Should poets group their work into marketable themes?

Am I the only person to desperately count up the number of poems written on a particular theme, to see if it will stretch for a submission for chapbook or pamphlet? Probably not.

Perhaps because I have spent a lot of time thinking about the theme (for example, the effect of pollution on my local seas, or the story of forced adoption in my family) it feels like I have dozens of poems tucked away on this theme.

And yet I don’t. I have a very large number of poems, but on many and various subjects.

And trying to expand the number on a theme, in an artificial attempt to ‘fit the bill’ can result in repetition and poor poetic quality.

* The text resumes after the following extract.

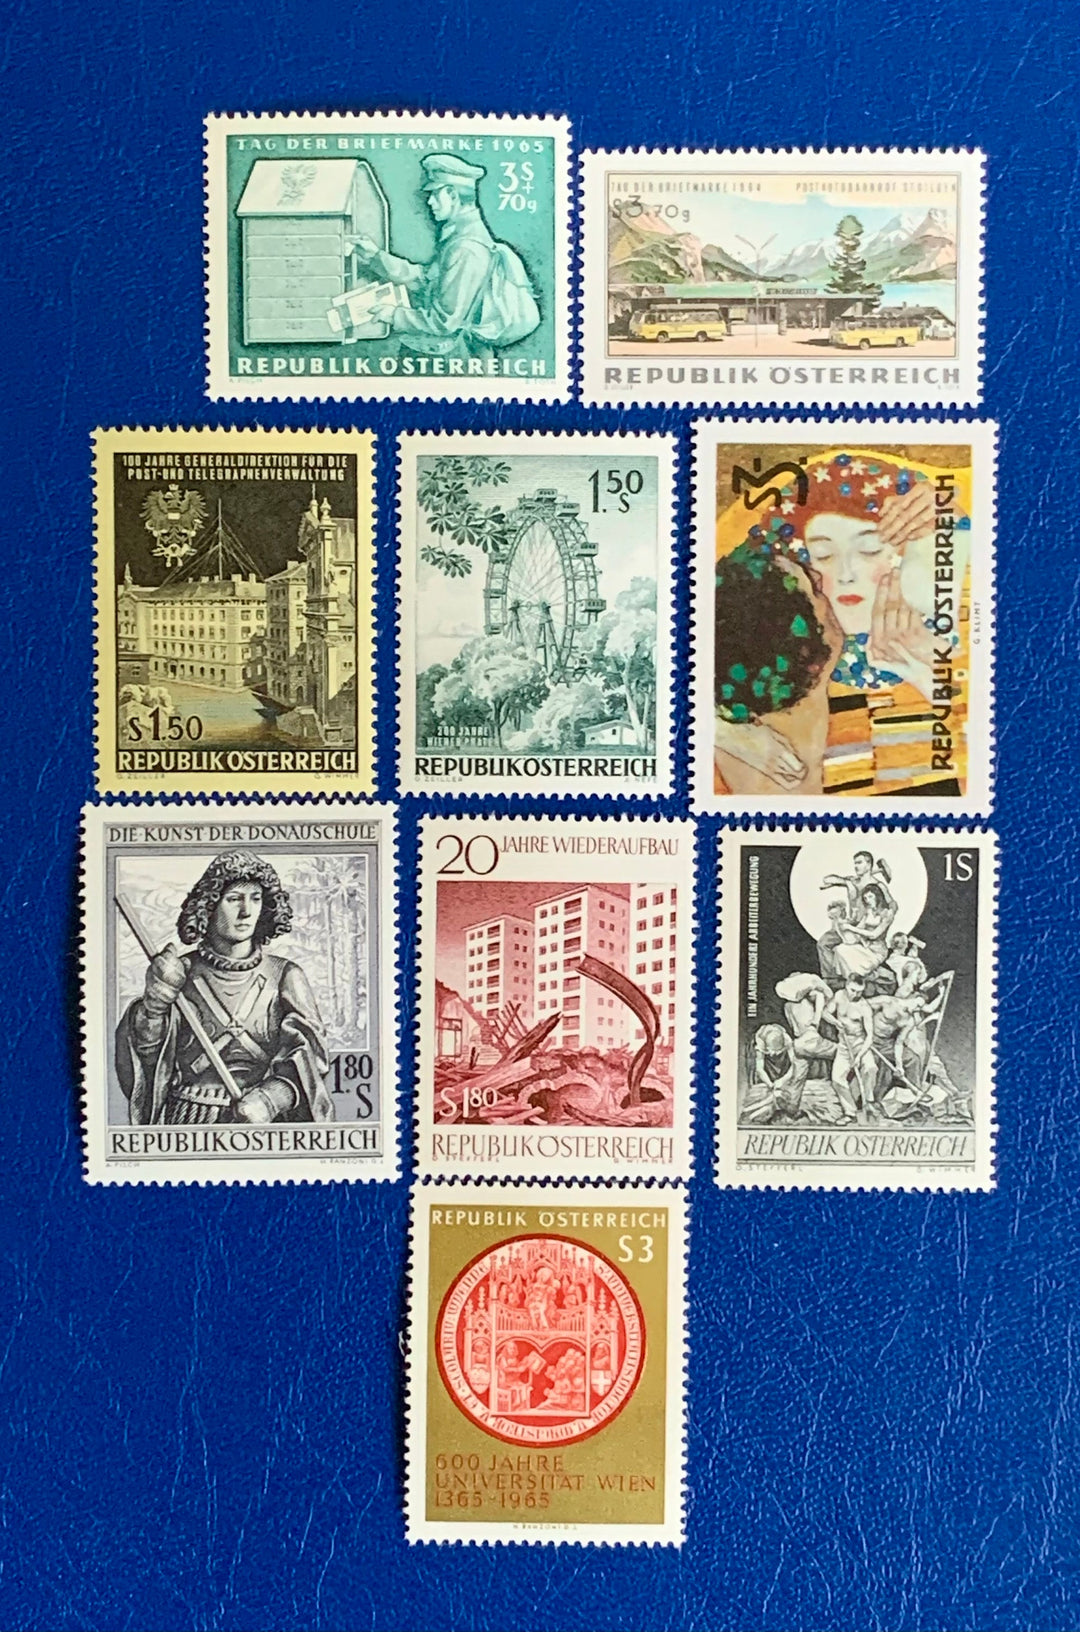 Austria - Original Vintage Postage Stamps - 1964-65 Mix - for the collector, artist or crafter - scrapbooks, decoupage

Of course, you could say that I’m being too literal, and that every chapbook or collection should have a variety of forms and themes, of light and shade. Maybe. But I get the feeling that many publishers want simple narratives of ‘What the Poems Are About, and Who is Writing Them.’ I can’t blame them.

What I worry about, is that this might push some of us to channel our poetic time and energy into echoing silos of stuff which are saleable, rather than opening up our thinking to wild new subjects.

Maybe the problem is with me – that I want work to be published and I’m too keen to fit in with what (I imagine) is desired. Perhaps I should just (virtually) throw all the pages up in the air and send off whatever lands in a rough pile.